Both parties assume that RSA 281-A:32 as written in 1996, and therefore our holding in Ranger, applies to this case, presumably because the petitioner’s injury occurred in 1996. We are not unmindful that in previous workers’ compensation cases we have applied the law in effect at the time of the injury. Lessard v. City of Manchester Fire Dep’t, 118 N.H. 43, 47 (1978). However, a review of the common law indicates that such a rule is applied specifically to determinations of disability benefits, and not *274permanent impairment awards. See Appeal of Cote, 144 N.H. at 129 (recognizing also that “[disability benefits and permanent impairment awards ... are distinct and unrelated” (quotation omitted)); Petition of L’Heureux, 132 N.H. at 501. In permanent impairment cases, we apply the law in effect on the date of the loss, which we have held is the date of the permanent impairment assessment. RSA 281-A:32, X (“[T]he scheduled awards under this section accrue to the injured employee simply by virtue of the loss____”); Appeal of Cote, 144 N.H. at 129 (“it is the loss itself which triggers accrual of the award” (quotation omitted)); Petition of Dependents of Doran, 123 N.H. 429, 433 (1983) (“the statute in effect at the time of Mr. Doran’s loss ... governs the respective rights and responsibilities of the parties”); Petition of Lapinski, 126 N.H. at 778 (“a permanent loss may occur either at the time of the injury or when sound medical opinion takes the position that further medical treatment will be of no avail and that the loss is permanent”). Although the petitioner agrees with the respondent that the date of the permanent impairment assessment is the relevant date for calculating his average weekly wage, we are not constrained by this concession since we are the final arbiters of statutory meaning. Cf. Town of Hinsdale v. Town of Chesterfield, 153 N.H. 70, 72 (2005).

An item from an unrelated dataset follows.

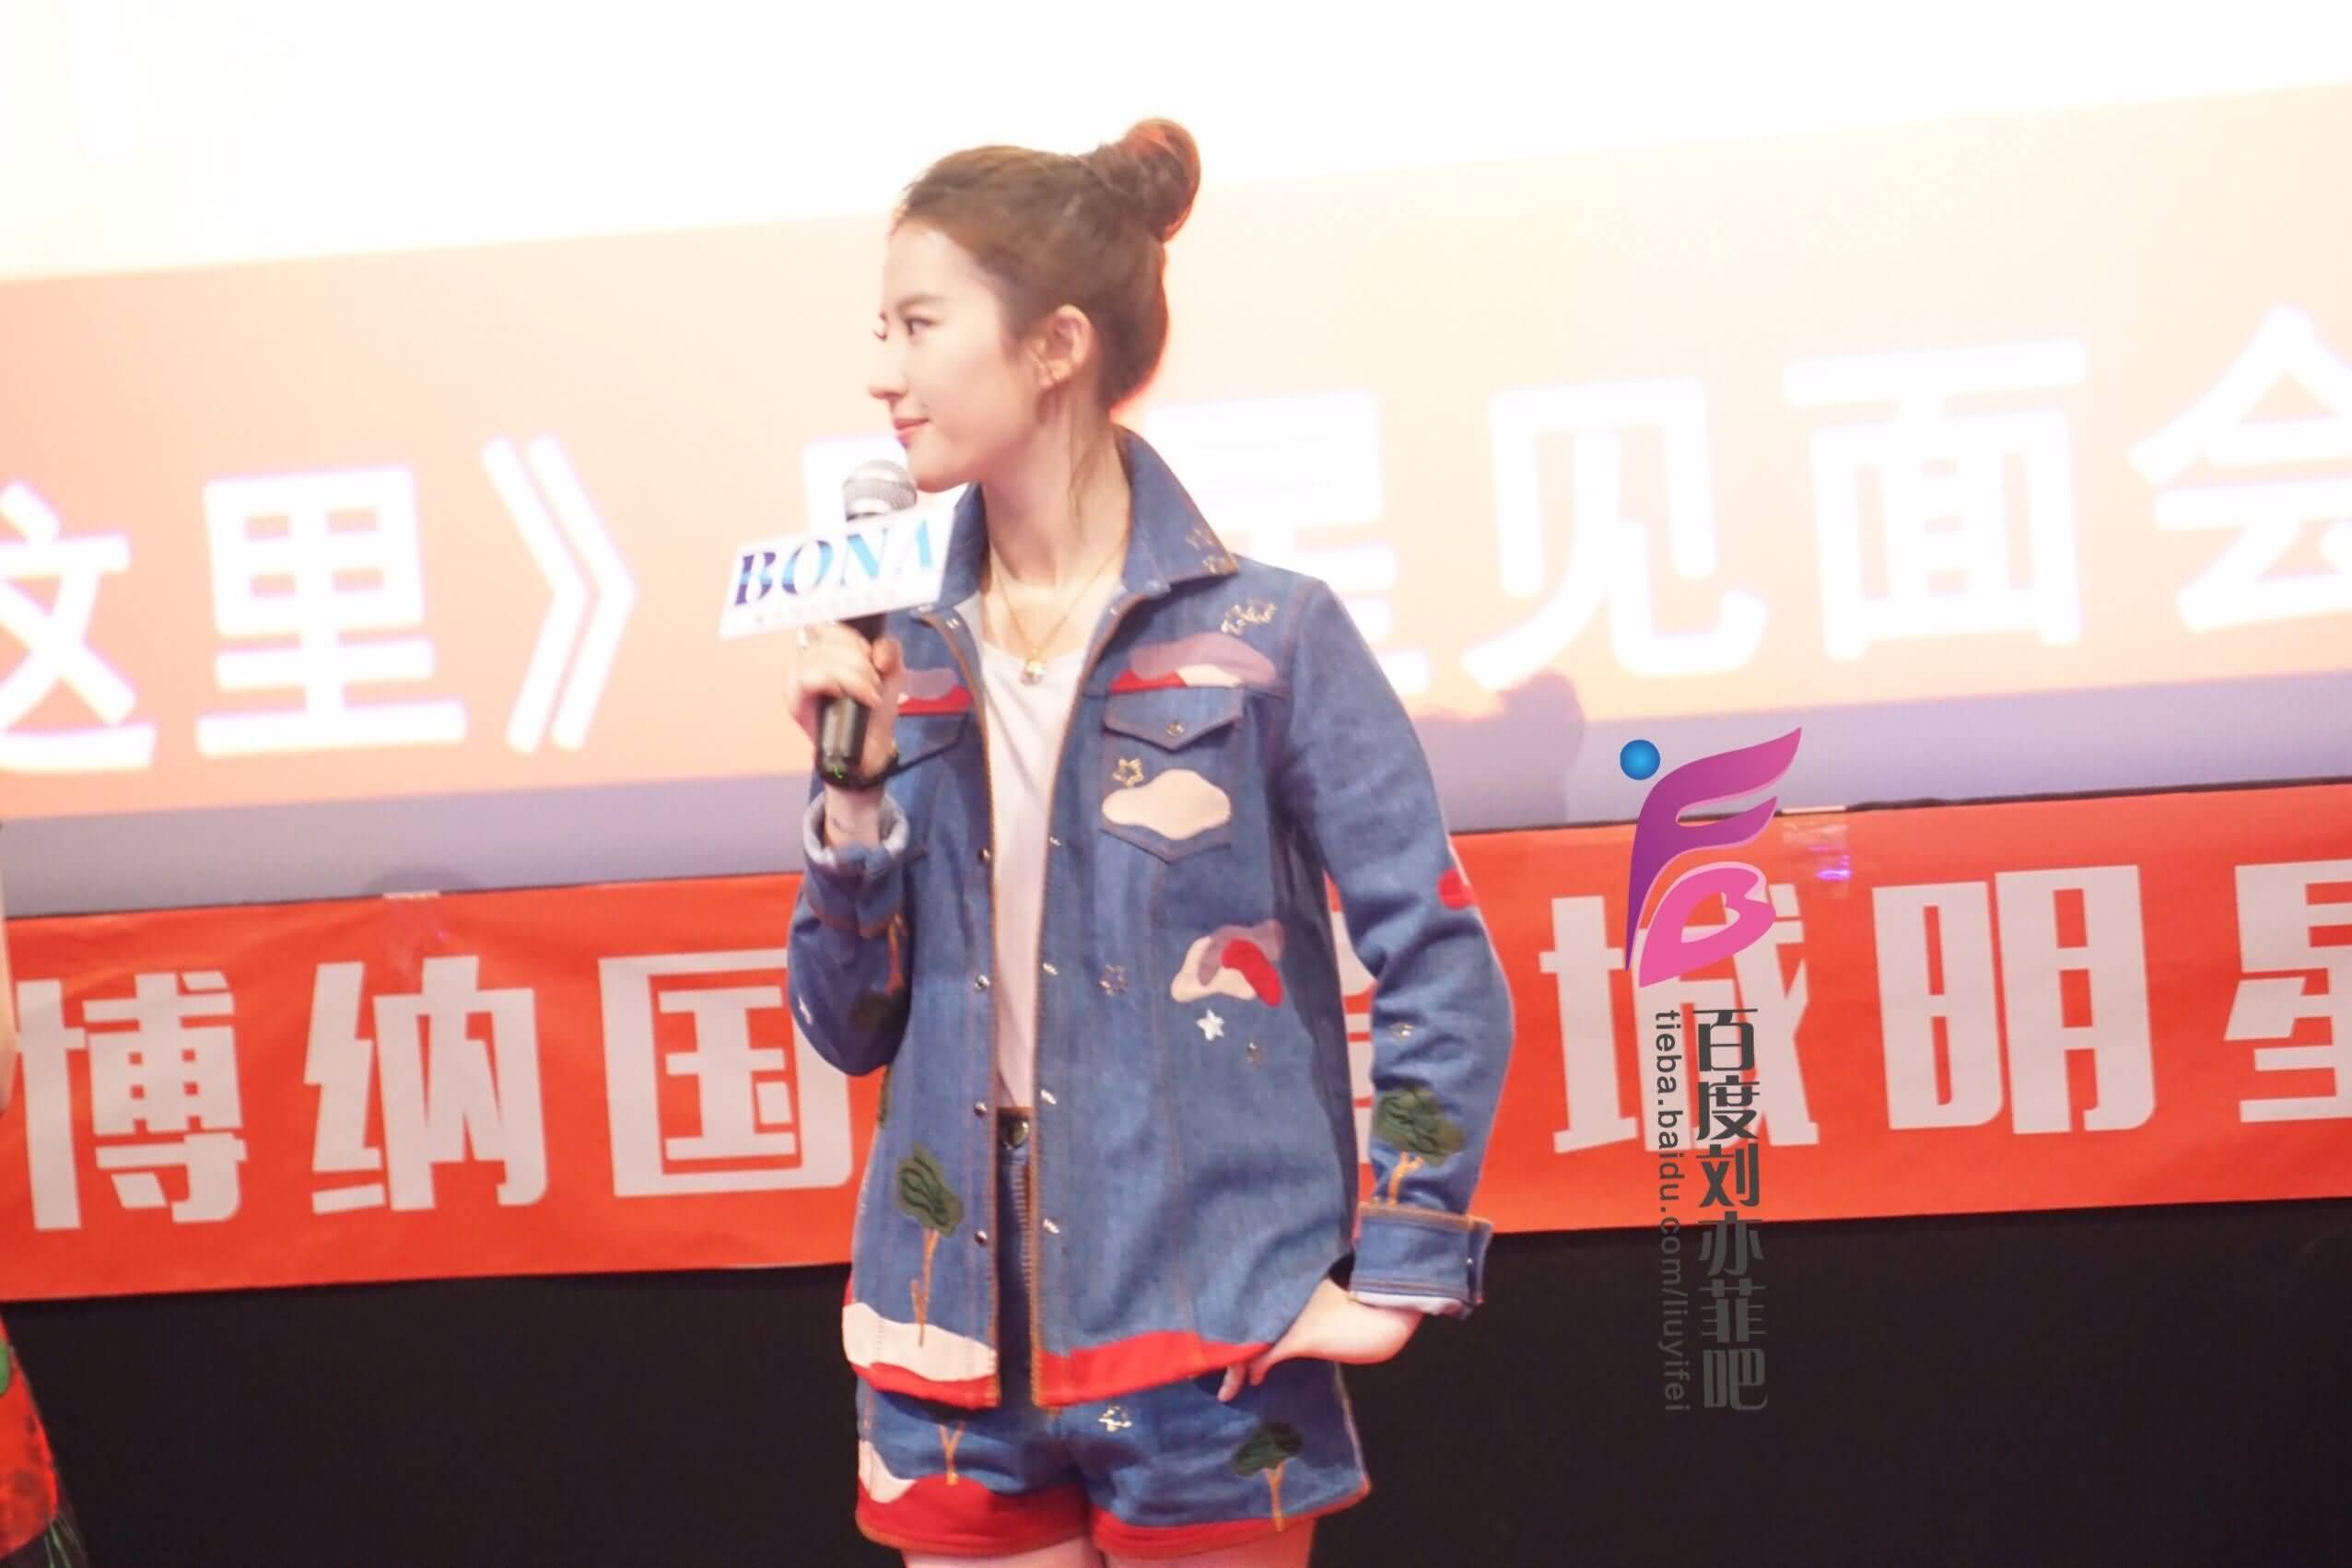 《致青春》重庆路演图  《刘亦菲》[2016.7.6]

In the 2003 amendment to RSA 281-A:32, XI, the legislature provided that for purposes of calculating the permanent impairment award, “the average weekly wage of the employee at the time of the injury” shall be used. RSA 281-A:32, XI. However, this amendment did not change the date upon which the employee’s right to the award accrues; this date remains the date of the permanent impairment assessment. RSA 281-A:32, X; Appeal of Cote, 144 N.H. at 129; Petition of L’Heureux, 132 N.H. at 500-01; Petition of Dependents of Doran, 123 N.H. at 433.

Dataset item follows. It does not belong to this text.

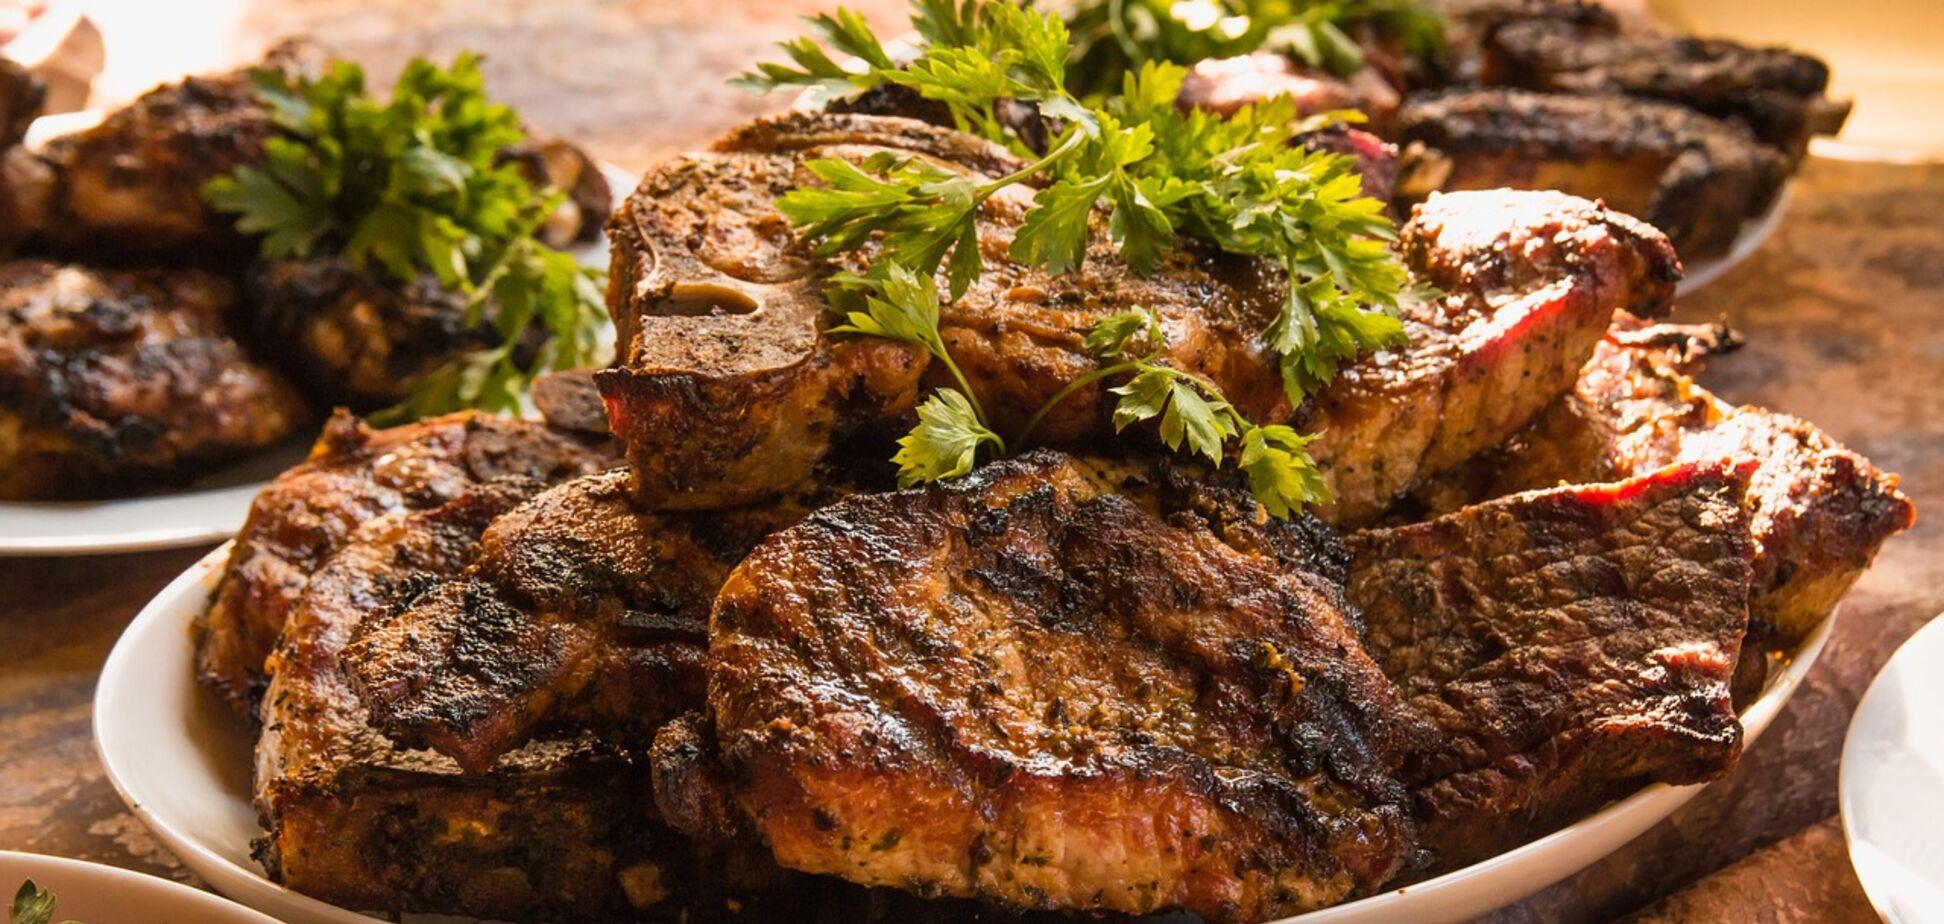 Маринад для шашлыка: топ-3 рецепта для пикника

Accordingly, since the parties agree that the petitioner’s permanent impairment assessment was in October 2004, the law in effect on that date applies to this case. Therefore, in accordance with RSA 281-A:32, XI, as amended in 2003, the petitioner’s permanent impairment award should be calculated based upon his average weekly wage preceding his injury in 1996. We reverse and remand for further proceedings consistent with this opinion.

Reversed and remanded.

Broderick, C.J., and Dalianis, Duggan and Galway, JJ., concurred.